“Serving The Servant” Danny Goldberg, recensione

Una “generazione” in musica dura quanto gli anni di liceo

 

È strano, ma ci sono eventi che lasciano un segno indelebile in ognuno di noi. Infatti, nonostante il fatto che spesso i miei ricordi mi appaiono confusi, mi ritrovo a rammentare alla perfezione dove mi trovavo nel momento in cui sono crollate le Torri Gemelle, quando gli Stati Uniti decisero di dare inizio alla Guerra del Golfo, oppure quando seppi della morte di Paolo Mantovani, Freddie Mercury e Peter Sellers. Una serie di eventi che hanno inciso nella mia mente sensazioni, luoghi e persone. Una sorta di marchio a fuoco, soprattutto riferito ad eventi traumatici (diretti o indiretti poco importa), tra i quali ritrovo anche l’aprile del 1994, quando uno dei miei più cari amici mi disse che Kurt Cobain era morto. Ne fui sconvolto, perché per me, anzi per noi, Cobain e i Nirvana rappresentavano qualcosa in più di una semplice band, tanto è vero che le nostre autoradio divoravano in loop quel mondo grunge, che si era costruito attraverso la mitologia di Ten, Nevermind e Core.

Oggi, dopo molti anni in cui il mondo dei Nirvana è rimasto in un angolo impolverato della mia collezione di dischi, mi ritrovo a dover e voler riascoltare quella magnifica voce spigolosa e granulare che mi ha fatto pogare sulle note di Smell like teen spirit e mi ha devastato le idee attraverso il nereggiante Bleach e il postumo MTV Unplugged in New York.

 

 

Quel mondo, di cui ho fatto parte anche da un punto di vista estetico-culturale, in questi ultimi giorni è tornato a galla assieme a sensazioni, ricordi e aneddoti, grazie ad una nuova impeccabile opera dedicata  alla straordinaria band statunitense. L’opera, edita da Harper Collins Italia, ci invita in maniera educata ed osservativa a ripercorre il sentiero impolverato che Cobain intraprese partendo da Aberdeen sino a Seattle, passando dal Rohypnol, l’eroina e Curtney Love che, a differenza di altri libri sui generis, non viene percepita come elemento esclusivamente destabilizzante, ma bensì come inevitabile variabile di un percorso segnato.
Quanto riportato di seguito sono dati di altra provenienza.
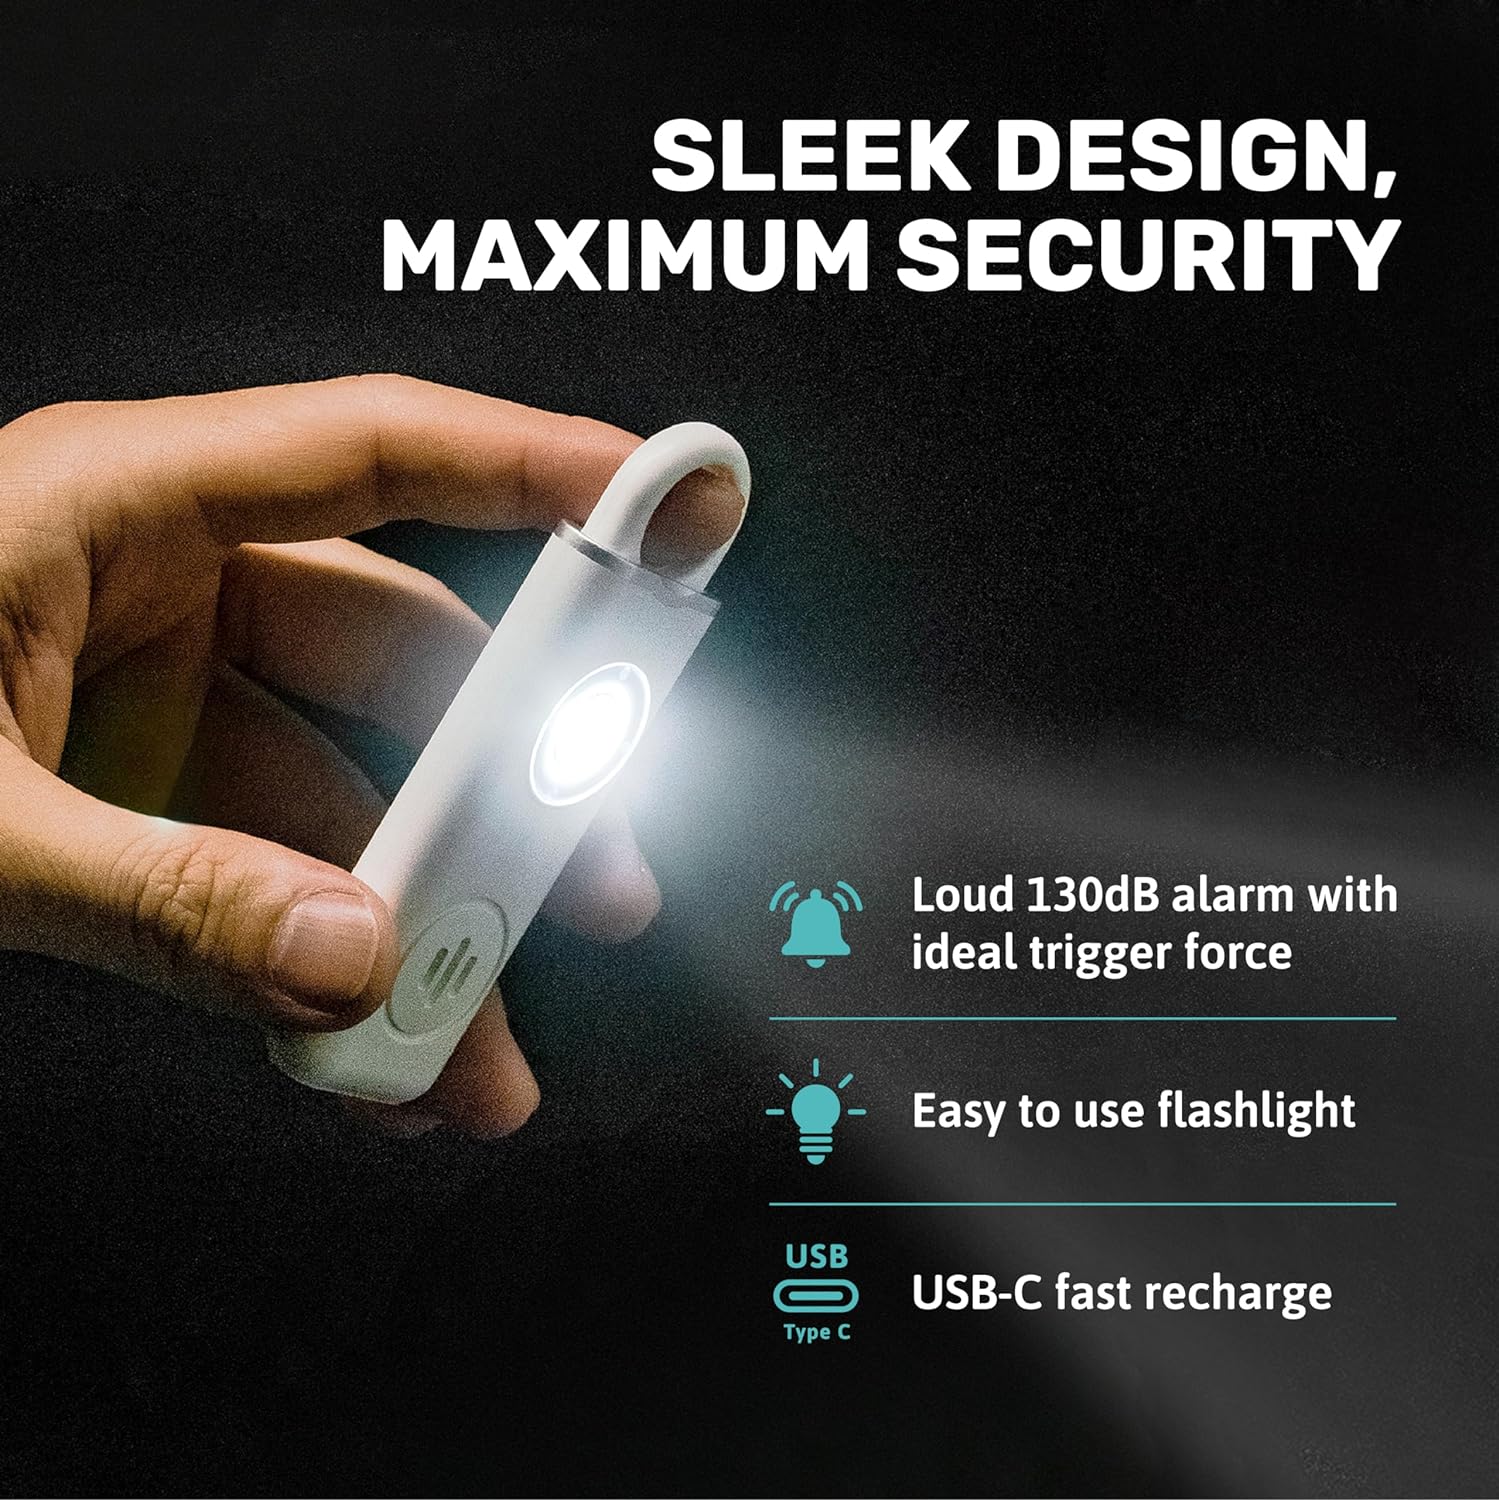 Personal Safety Alarm for Women with LED Flashlight. Safety Improved for Jogger, Walking Pets, and Outdoor Traveling. 130db Loud Siren, USB Type-C Rechargeable. (Smoky Black)

Serving the servant, grazie alle parole di Danny Goldberg, appare un libro sincero, in cui l’emozione e l’emotività del ricordo mostrano una visione volutamente parziale di quegli anni, ricostruiti attraverso testimonianze, rammenti e memorie diversificate, atte a ricostruire un puzzle nel quale anche le peggiori situazioni appaiono avvolte da sensazioni accorte di un autore che, con il suo narrato, sembra voler entrare in punta di piedi.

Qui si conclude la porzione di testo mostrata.